Neue Verallgemeinerungen des Weierstraßschen Approximationssatzes

Prof. Gerhard Preuß

Ort
Fachbereich Mathematik und Informatik
Freie Universität Berlin
Kolloquiumsraum 108/109
Arnimallee 3
14195 Berlin

Zeit
22. Juni 2006
17.15 Uhr

Abstract

Dass jede stetige (reellwertige) Funktion auf einem kompakten Intervall gleichmäßig durch Polynome approximiert werden kann, hat K. Weierstraß 1885 bewiesen. Dieser sogenannte Weierstraß’sche Approximationssatz hat in der Folgezeit mannigfache Verallgemeinerungen erfahren, von denen die Variante von M. H. Stone aus dem Jahre 1937 – unter dem Namen “Satz von Stone-Weierstraß“ – wohl die bekannteste ist. Letztendlich geht es um die Frage nach der Dichtheit von Funktionenmengen, speziell um die Dichtheit von Unteralgebren geeigneter Funktionenalgebren. Der Definitionsbereich der Elemente der zu untersuchenden Funktionenalgebra ist im Falle des Satzes von Stone-Weierstraß ein kompakter Hausdorff-Raum.
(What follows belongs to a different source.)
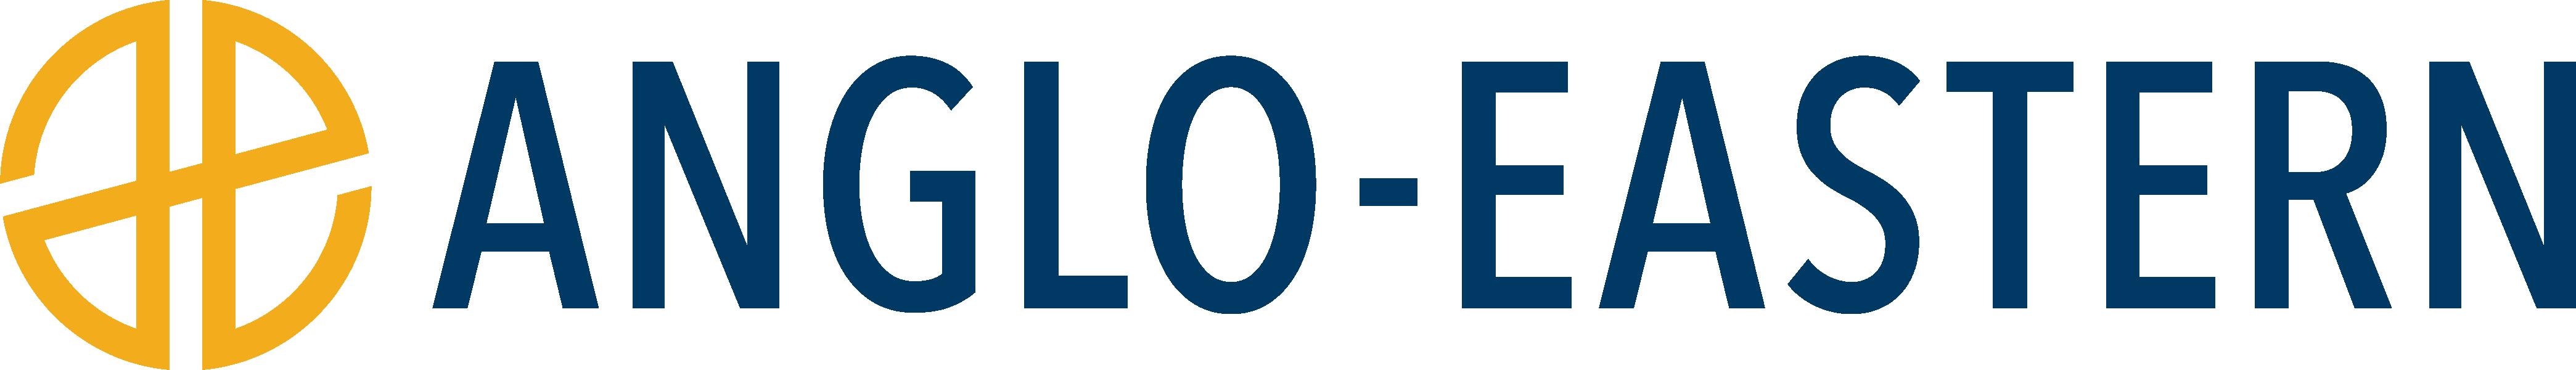 Anglo-Eastern logo

Erst im Jahre 2000 ist es einigen Autoren gemeinsam gelungen als Definitionsbereich eine beliebige Menge X zu nehmen, um eine Verallgemeinerung des Weierstraß’schen Approximationssatzes zu erzielen. Da es neben Topologien auf X mittlerweile andere interessante Strukturen auf Mengen gibt, die im Rahmen neuerer Untersuchungen bei Funktionenräumen von Interesse geworden sind, kann man X auch damit versehen, um weitere Sätze vom Stone-Weierstraß-Typ zu erhalten, wobei zuletzt erst 2005 ein solcher neuer Satz erhalten worden ist. Schließlich werden die Beziehungen dieser neuen Sätze zueinander untersucht. Dabei kommt es zu einem verblüffenden Resultat.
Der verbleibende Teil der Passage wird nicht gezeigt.